“抹脖子岂是那么容易的事,你有下手的勇气吗?”
赵若曼用力把刀尖扎进皮肤,一道鲜血蜿蜒流下,叶轻云怔住,显然被她的英猛给吓住,不敢走前一步。
“事到如今,我活着也是累赘,死对我来说不可怕。”
“你在瞎说什么?谁跟你说你活着是累赘?”
赵若曼没有再说下去,叶轻云不知道她身体的状况。
她觉得自己的白血病只会得到和父亲一样的下场,何苦连累母亲再继续照顾她,还不如现在马上死了算了。

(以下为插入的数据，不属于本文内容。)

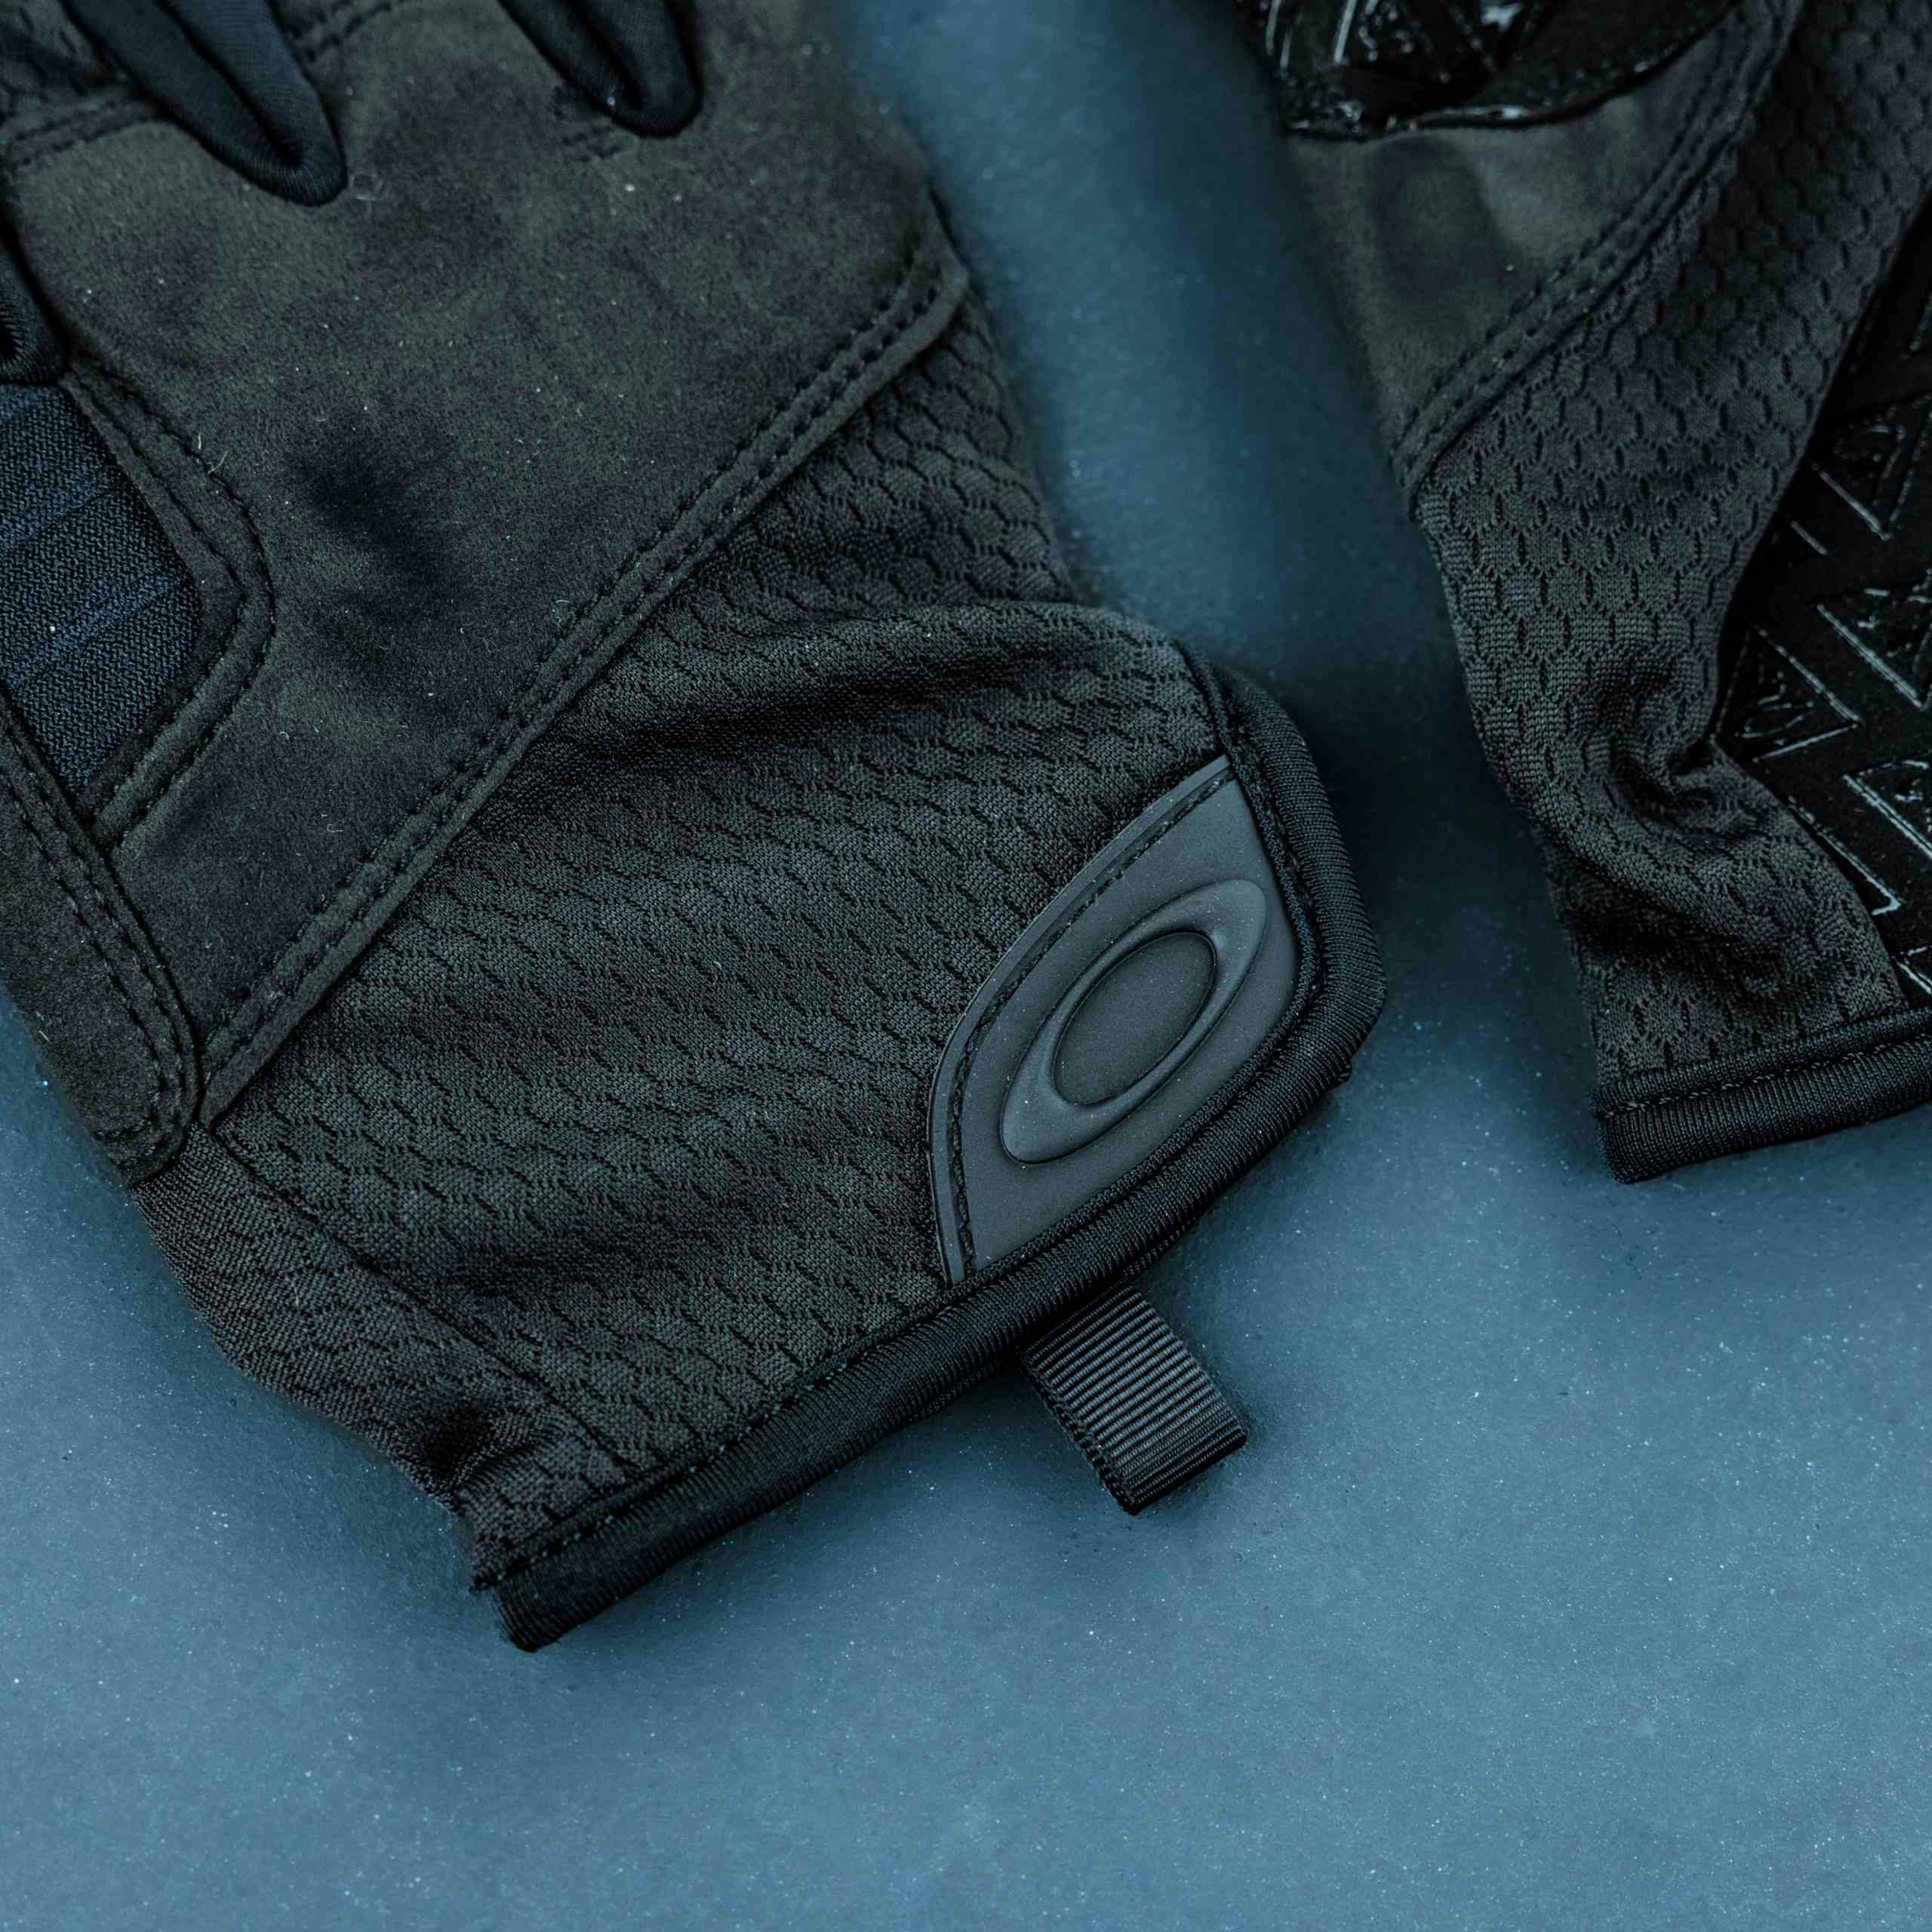 Oakley Factory Lite  Gloves –  ARMS

她向来乐观坚强,但如今,箫子明事件的打击下,她的乐观全然消融。
叶轻云开始给她灌蜜糖,“不如这样,你我合作演一出戏,来一场交易,你假装被我绑架,逼箫顾引交出全副身家,让他成为身无分文的流浪狗,然后我就放了你,还给你一笔钱,怎样?”
“我不干。我受够了腌臜的交易,我再也不要和谁交易了!这种事只会让我越陷越深,你这种人,我也信不过,你利用我之后断然会灭我口。”
叶轻云把烟头直接丢到地上,虽说这里是他的庄园,他理应好好维护,可是地板已经被餐具的碎片弄脏,他也不在乎了。
“第一次见你,还以为你是个单纯的傻女孩,没想到不傻嘛。”
赵若曼冷笑,还不是被箫顾引这个绝世大骗子锻炼出来的。
叶轻云嘴角一歪,“既然敬酒不吃,只好让你吃罚酒了。”
赵若曼身后伸出一双手,抓住她刀子,是陆景焕,这位助理行动起来像猫一样没有声响,不知他是何时绕到赵若曼背后埋伏的。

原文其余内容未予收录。